Former Chancellor of the Exchequer Alistair Darling was among the senior figures calling for a radical policy shift in housing at the RESI conference, held this week at Celtic Manor.
Interviewed by the BBC’s home editor, Mark Easton, Darling said: “Unless government takes a more active role in ensuring more housing is delivered, it simply won’t happen. In the post-World War II period it became a badge of honour for governments to talk of how many houses they’d delivered – we need that driving commitment again.”
Darling admitted that the Labour government in which he served for 13 years was as responsible as any recent government for the slippage of housing from the top priorities of government. “There was so much focus on health and education we didn’t see it as a priority. A government can only realistically focus on a couple of major policy areas at a time. John Prescott was keen, Tony (Blair) less so.”

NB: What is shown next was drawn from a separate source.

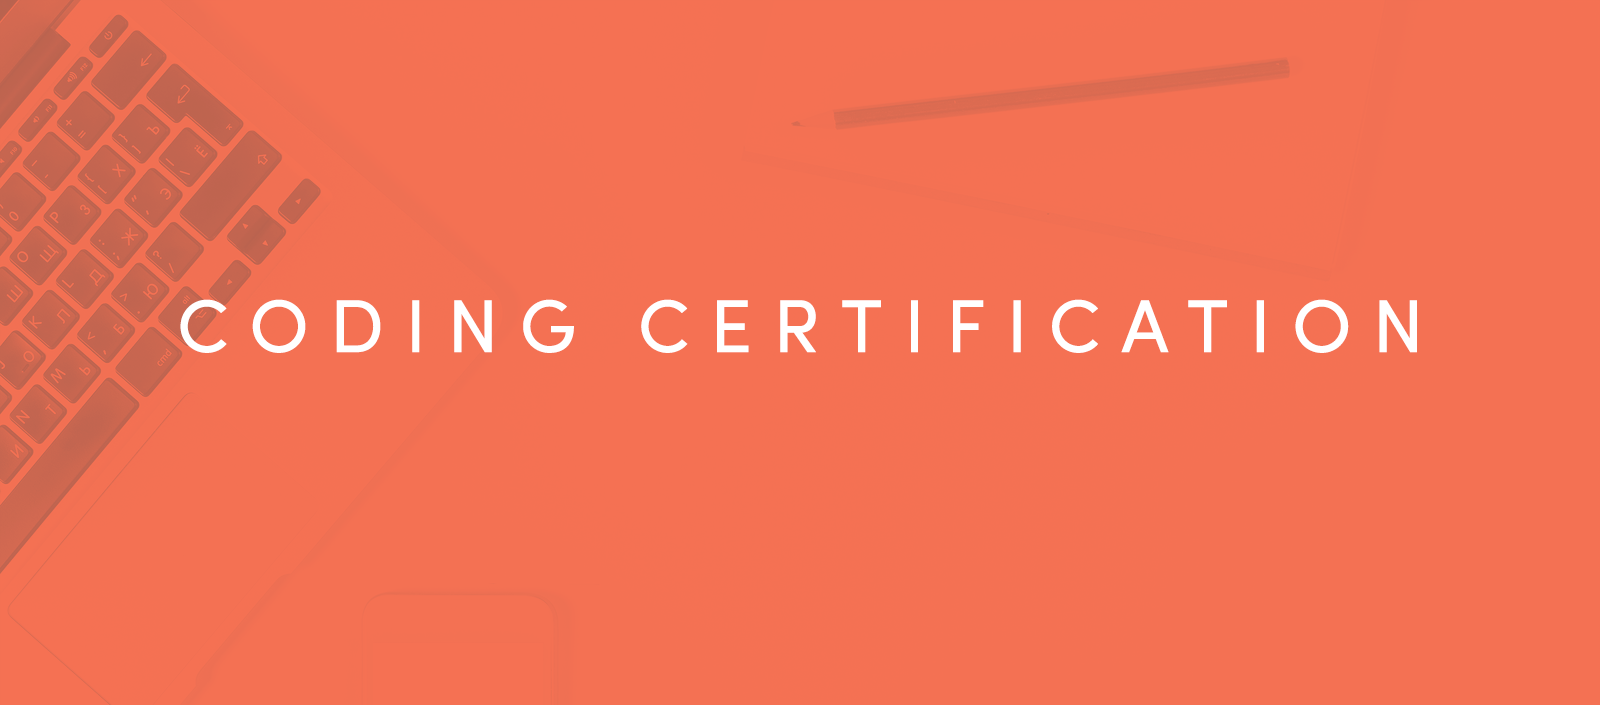 Coding is one of the skills needed to get that leverage in this digital age. Coding certification does not just boost your resume; it provides you better control of your site and your career track in general.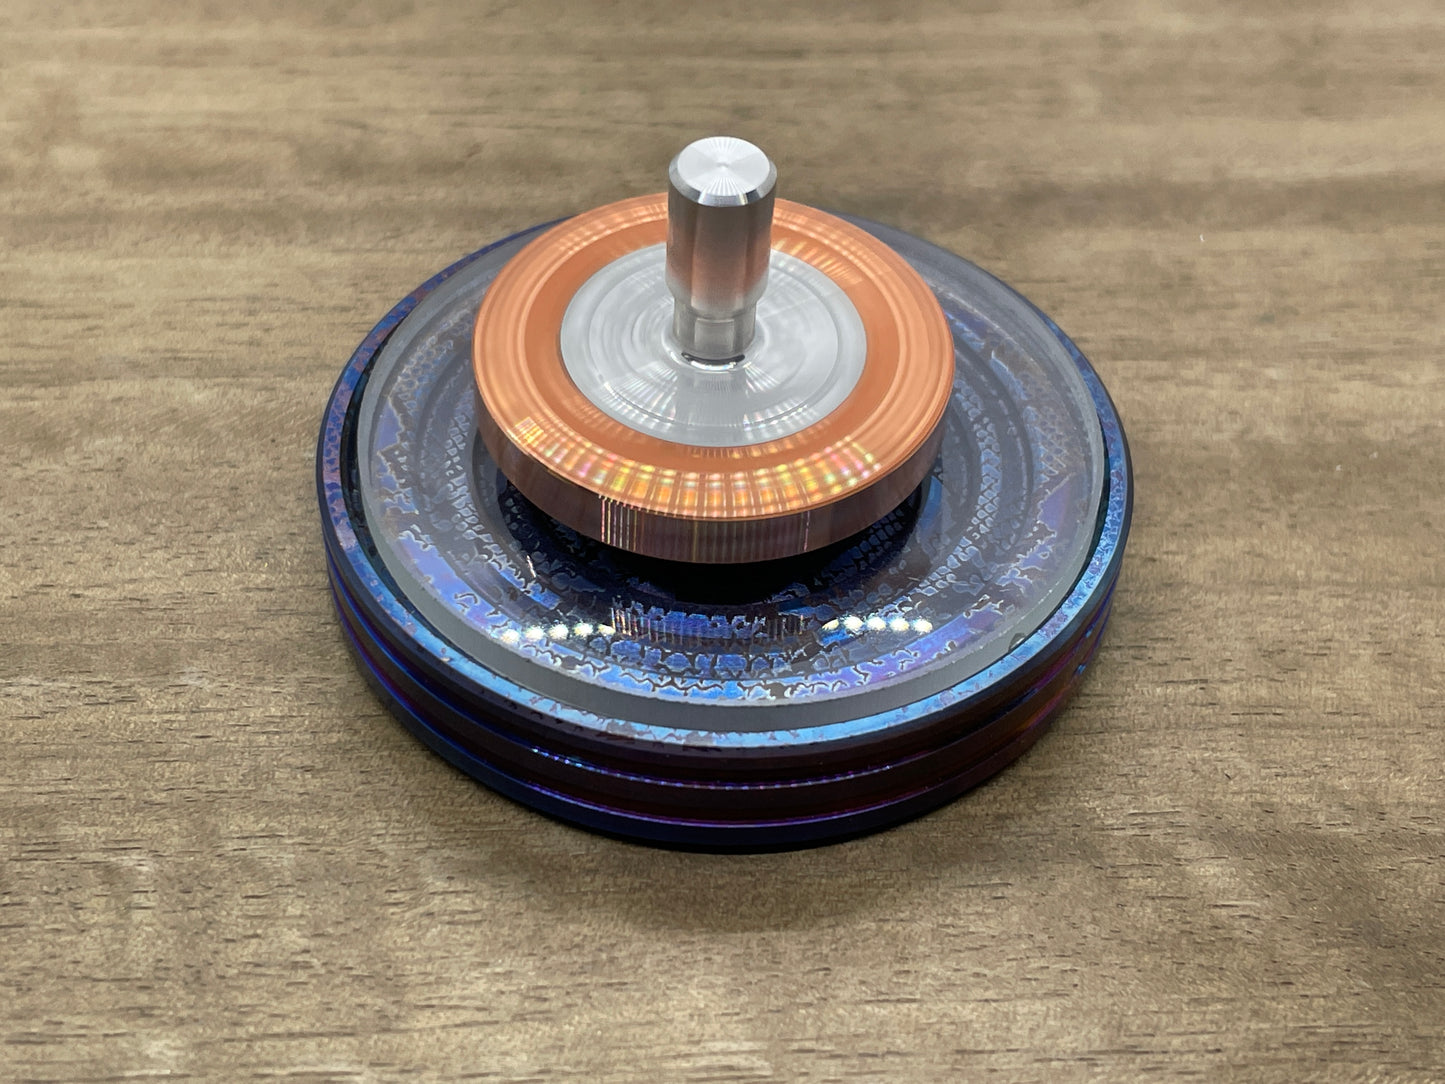 The OWL Copper Spinning Top PERFORMER - Alu Aerospace stem

He pointed to the London housing crisis, where large tranches of the city region are now unattainable at realistic rent or purchase levels for many people, forcing people further out, as illustrative of governmental failure to act.
“You see the new towers springing up in areas like Vauxhall, and they look great – but there are just a handful of lights on at night. There is a market failure that has been going on for 30 years.
“Government can take a more active role – they can borrow much more cheaply than the private sector can. If you look at the Green Investment Bank, that has had some success working in its specific field, and something similar for housing seems a perfectly sensible thing to do.”